The repeating unit can also be specified by the indices of cycles, for example 'ABB' can be written as [0, 1, 1].
num_repeating_units (int) – The number of repeating units threaded along the axle.
orientations (list[float] | None) –
For each character in the repeating unit, a value between 0 and 1 (both inclusive) must be given in a tuple. It indicates the probability that each cycle will have its orientation along the axle flipped. If 0 then the cycle is guaranteed not to flip. If 1 it is guaranteed to flip. This allows the user to create head-to-head or head-to-tail chains, as well as chain with a preference for head-to-head or head-to-tail if a number between 0 and 1 is chosen. If None, then defaults to 0 in every case.

It is also possible to supply an orientation for every cycle vertex in the final topology graph.
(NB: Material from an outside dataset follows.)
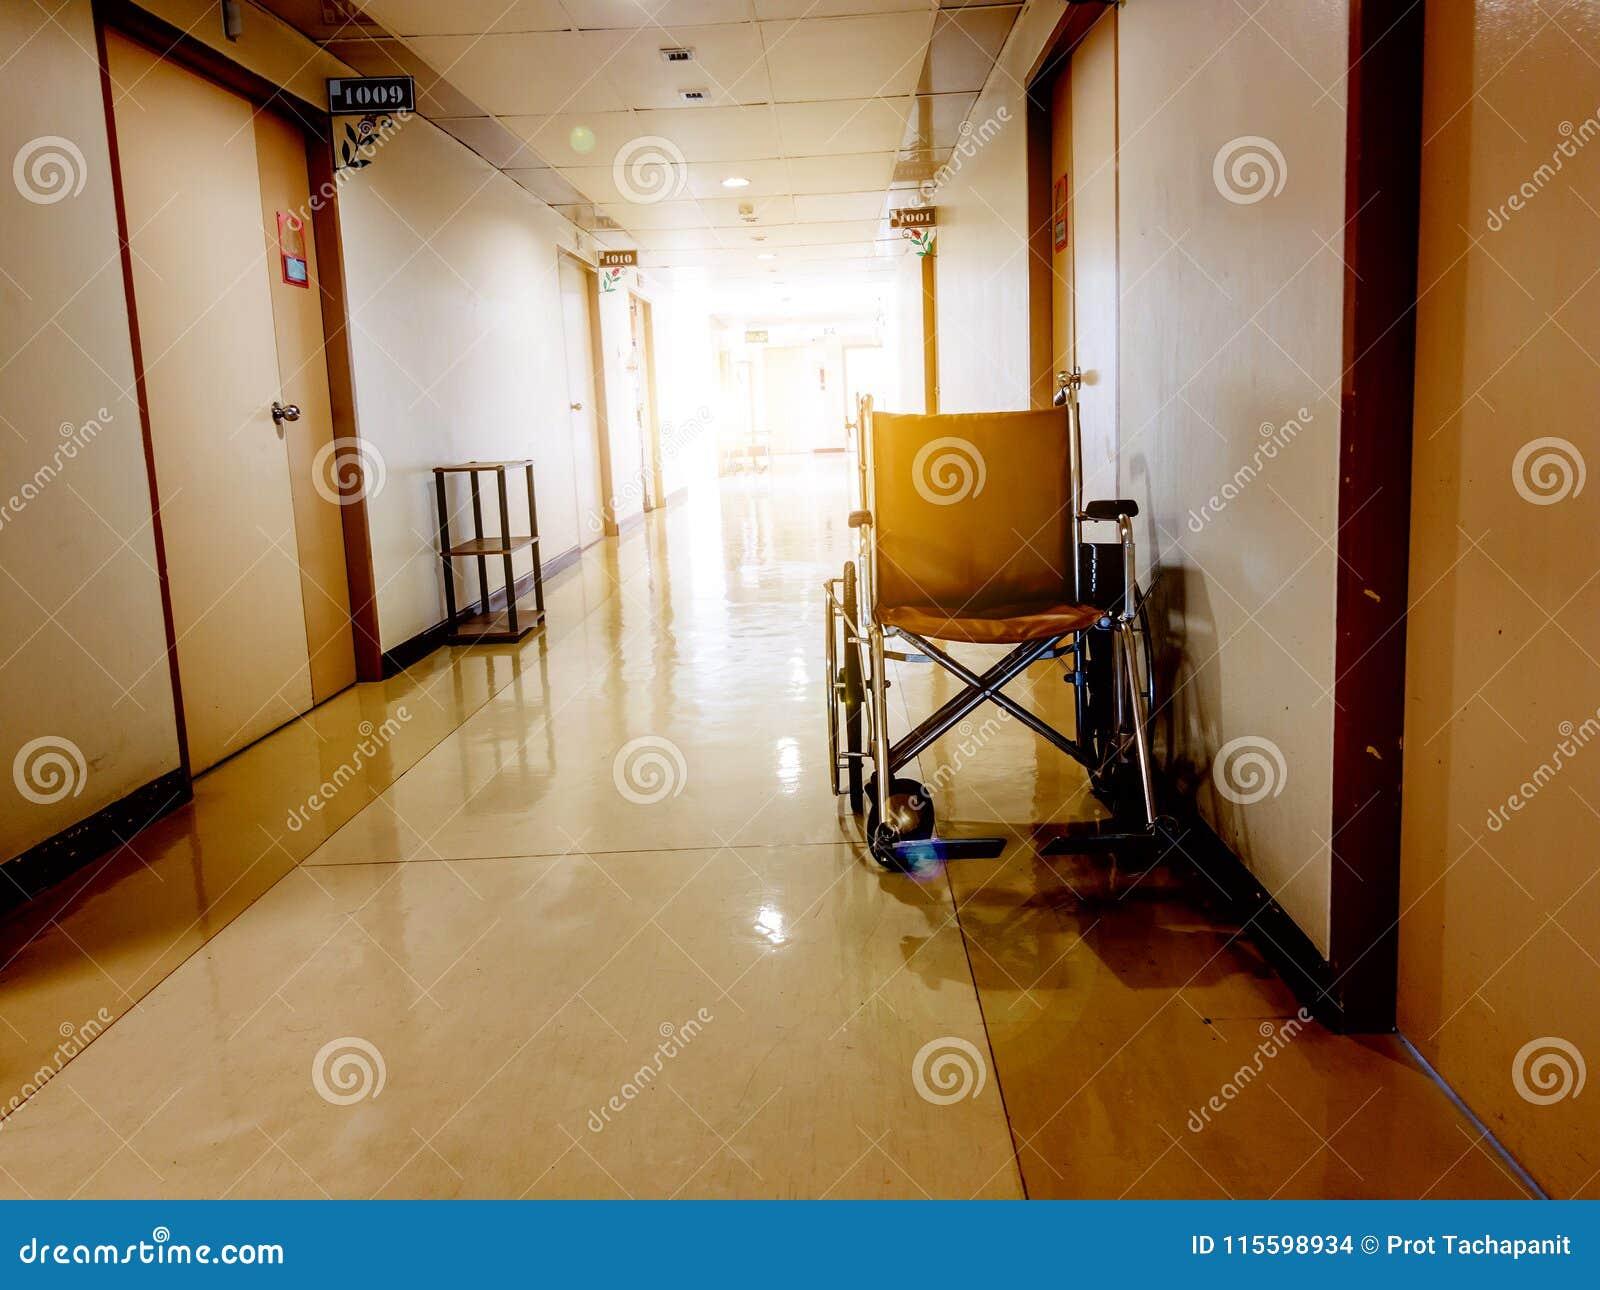 Wózka inwalidzkiego parking w przodzie pokój w szpitalu Wózek inwalidzki dostępny dla starszych osob lub chorych ludzi

In this case, the length of orientations must be equal to len(repeating_unit)*num_repeating_units.
random_seed (int | Generator | None) – The random seed to use when choosing random orientations.
num_processes (int) – The number of parallel processes to create during construct().
optimizer (Optimizer) – Used to optimize the structure of the constructed molecule.

Raises:

ValueError – If the length of orientations is not equal in length to repeating_unit or to the total number of vertices.

Methods

`clone`	Return a clone.
`construct`	Construct a `ConstructedMolecule`.
`get_building_blocks`	Yield the building blocks.
`get_num_building_block`	Get the number of times building_block is present.
`with_building_blocks`	Return a clone holding different building blocks.

clone()[source]

Return a clone.

Returns:: The clone.
Return type:: Self

construct()

Construct a ConstructedMolecule.

Returns:: The data describing the ConstructedMolecule.
Return type:: ConstructionResult

get_building_blocks()

Yield the building blocks.

Building blocks are yielded in an order based on their position in the topology graph. For two equivalent topology graphs, but with different building blocks, equivalently positioned building blocks will be yielded at the same time.

Yields:: A building block of the topology graph.
Return type:: Iterator[BuildingBlock]

get_num_building_block(building_block)

Get the number of times building_block is present.

Parameters:: building_block (BuildingBlock) – The building block whose frequency in the topology graph is desired.
Returns:: The number of times building_block is present in the topology graph.
Return type:: int

with_building_blocks(building_block_map)

Return a clone holding different building blocks.

Parameters:: building_block_map (dict[BuildingBlock, BuildingBlock]) – Maps a building block in the current topology graph to the building block which should replace it in the clone. If a building block should be not replaced in the clone, it can be omitted from the map.
Returns:: The clone.
Return type:: Self